Hajia Hafsat Omar, une fonctionnaire retraitée, a appelé le gouvernement à renforcer le projet national de gaz naturel comprimé afin de réduire les coûts de transport.

Elle a déclaré que la dépendance excessive à l'essence accroît la rareté du produit et fait grimper son prix, et que la généralisation du GNC permettra de réduire le coût du carburant.

Elle a ajouté que la conversion des voitures au GNV est coûteuse, et a appelé le gouvernement à la rendre abordable pour tous.

Elle a également plaidé pour la mise en place d'une assurance maladie et de programmes de soutien aux retraités, soulignant que ces derniers sont plus touchés par la crise.

Elle a déclaré être veuve et que ses enfants et elle ne pouvaient pas subvenir à leurs besoins essentiels.

Ibrahim Osman, vendeur de légumes au marché de Wossi, a déclaré que le prix des marchandises arrivées dans son magasin avait augmenté de plus de 100 000 nairas et que la demande était faible.

Il a ajouté : “ Les légumes ne se conservent pas longtemps, et les gens n'en achètent pas à cause des prix élevés. ”
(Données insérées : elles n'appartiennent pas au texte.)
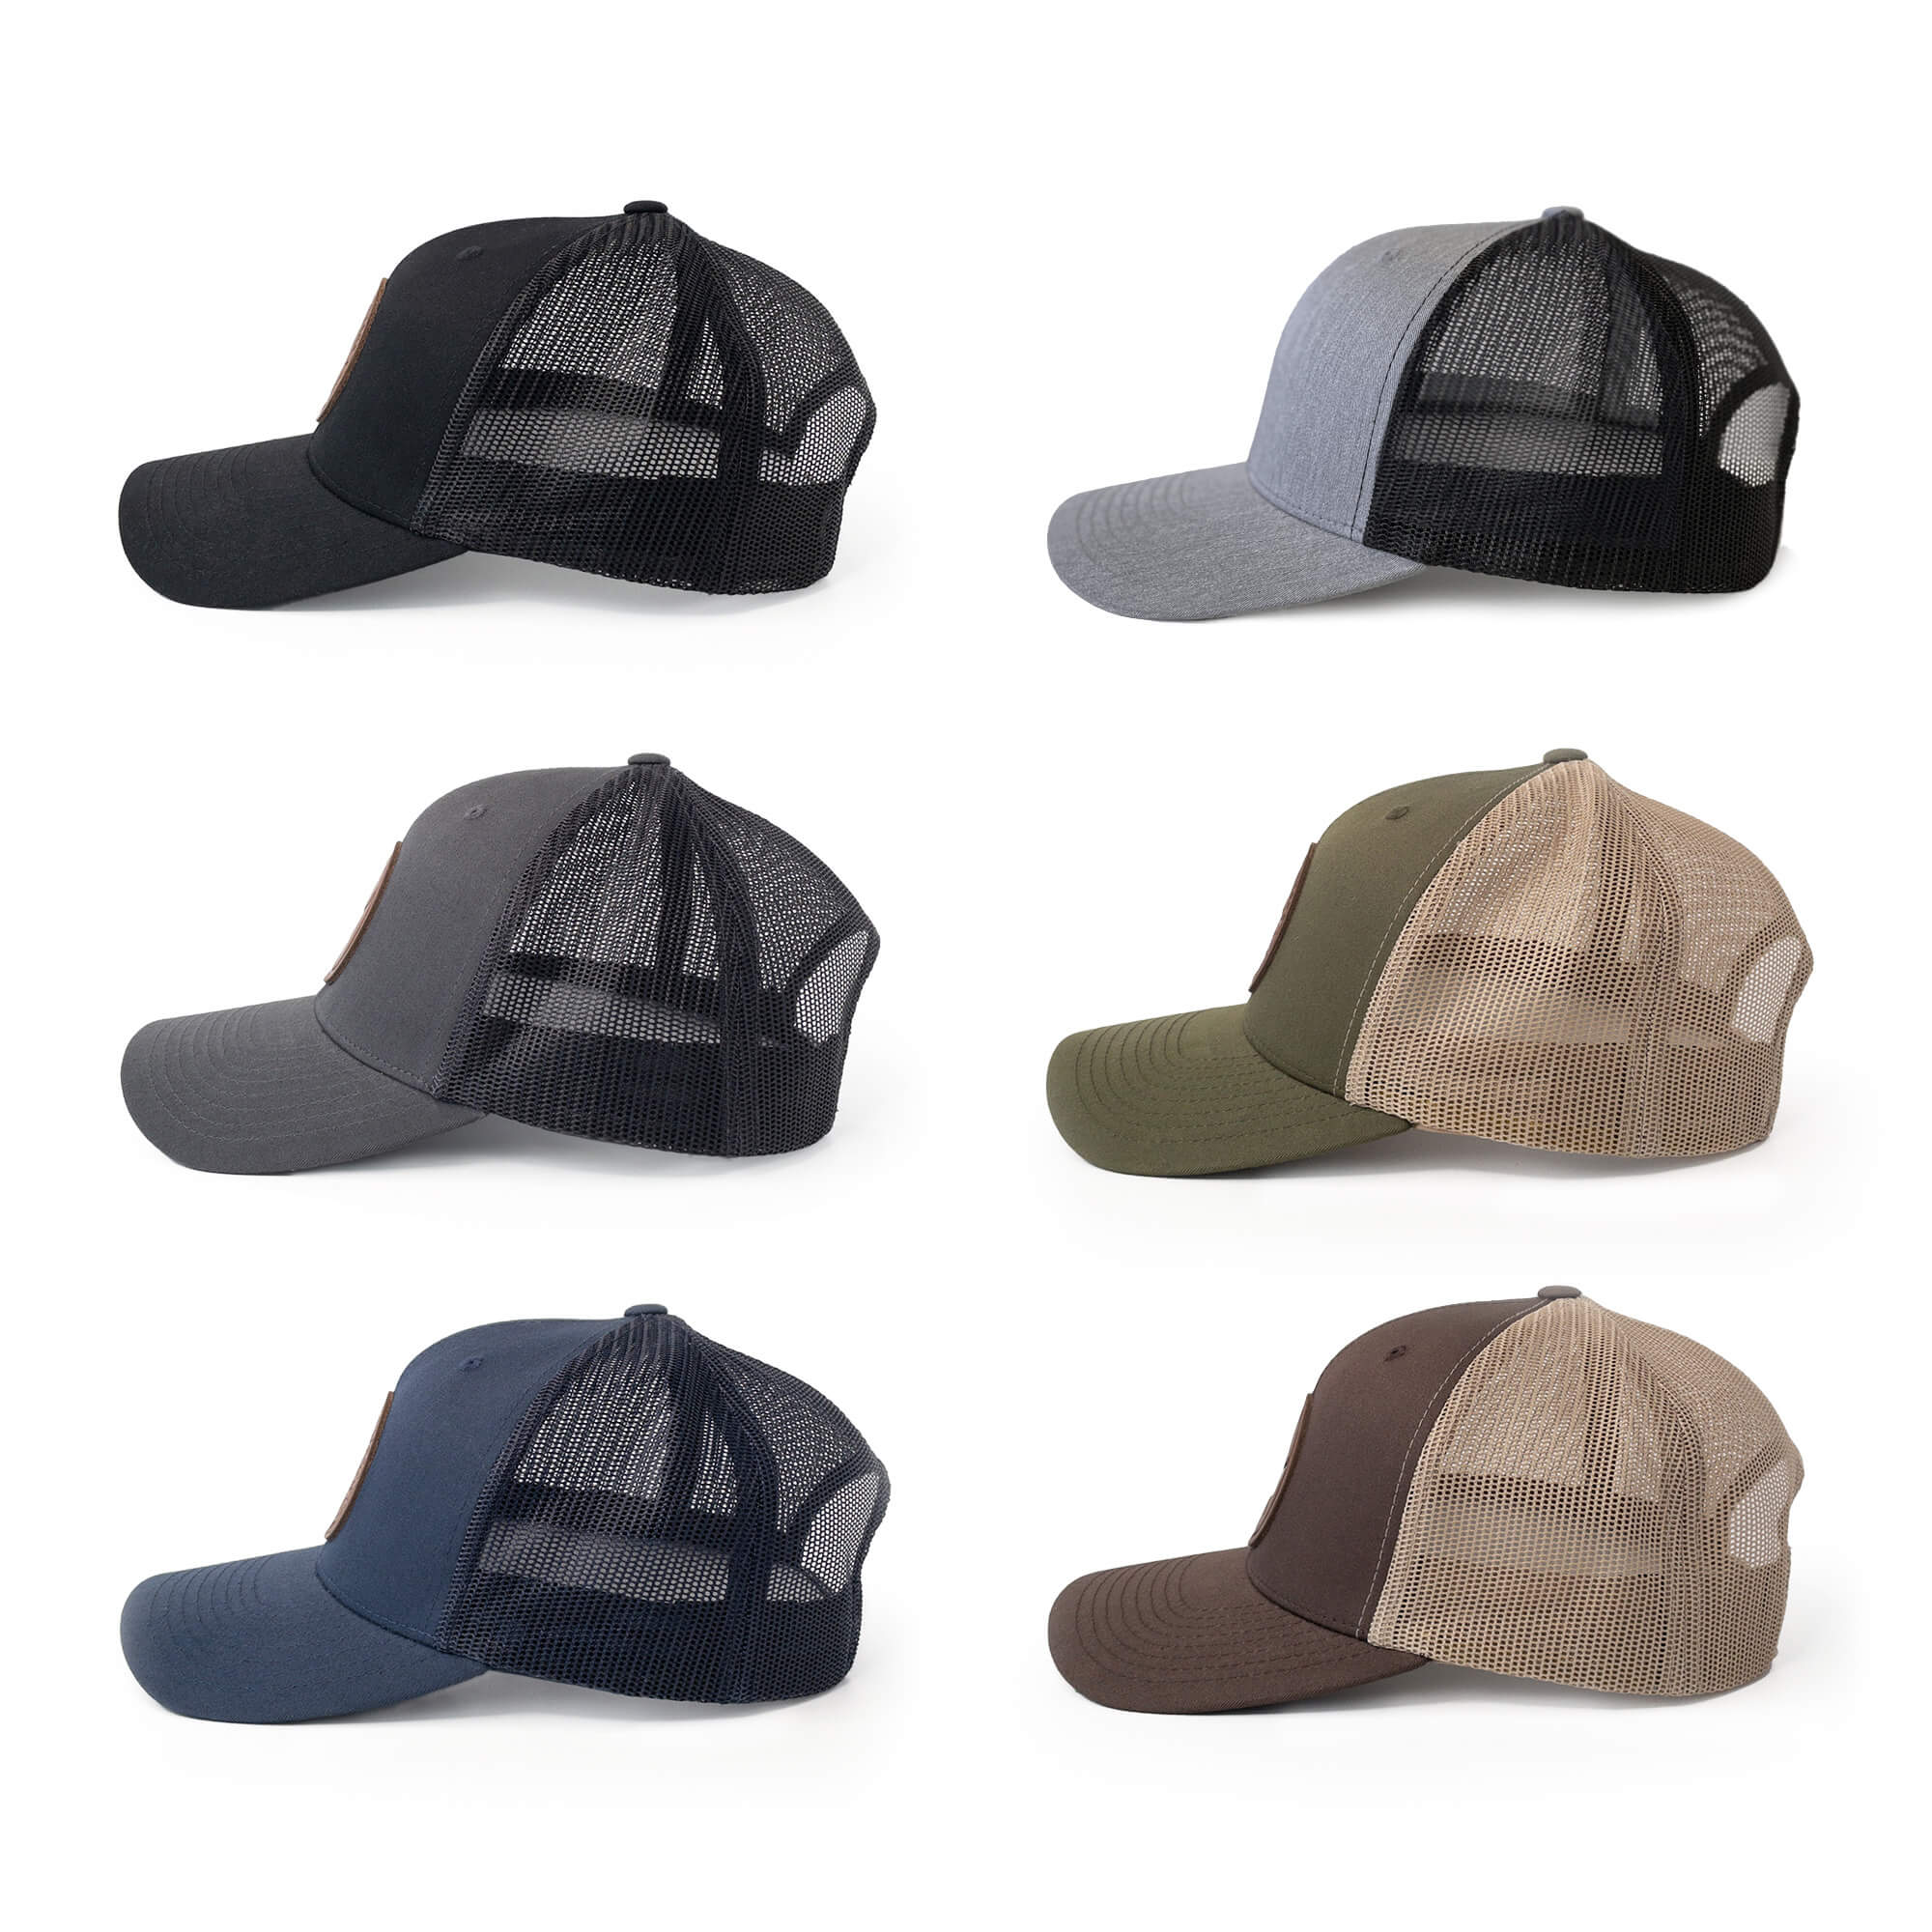 Leather patch trucker hats available in 6 colors | BLACK-003-005, CHARC-003-005, NAVY-003-005, HGREY-003-005, MOSS-003-005, BROWN-003-005

Il a poursuivi : “ Si la marchandise se gâte, j'arrêterai de la vendre car j'ai emprunté de l'argent pour l'acheter. ”

Pour sa part, une responsable de l'Association des distributeurs indépendants de produits pétroliers du Nigeria (IPMAN) a déclaré que les fluctuations des prix du carburant étaient dues à la libéralisation du marché.

Elle a expliqué que la dynamique de l'offre et de la demande dépend de la libéralisation du marché.

Elle a déclaré : “ Lorsque le marché est libéralisé, les prix ne peuvent être contrôlés à un moment précis, car ils sont affectés par des facteurs internes et externes, notamment les prix du pétrole brut et le taux de change au Nigéria. ”

Elle a ajouté que ces facteurs déterminent le prix du produit.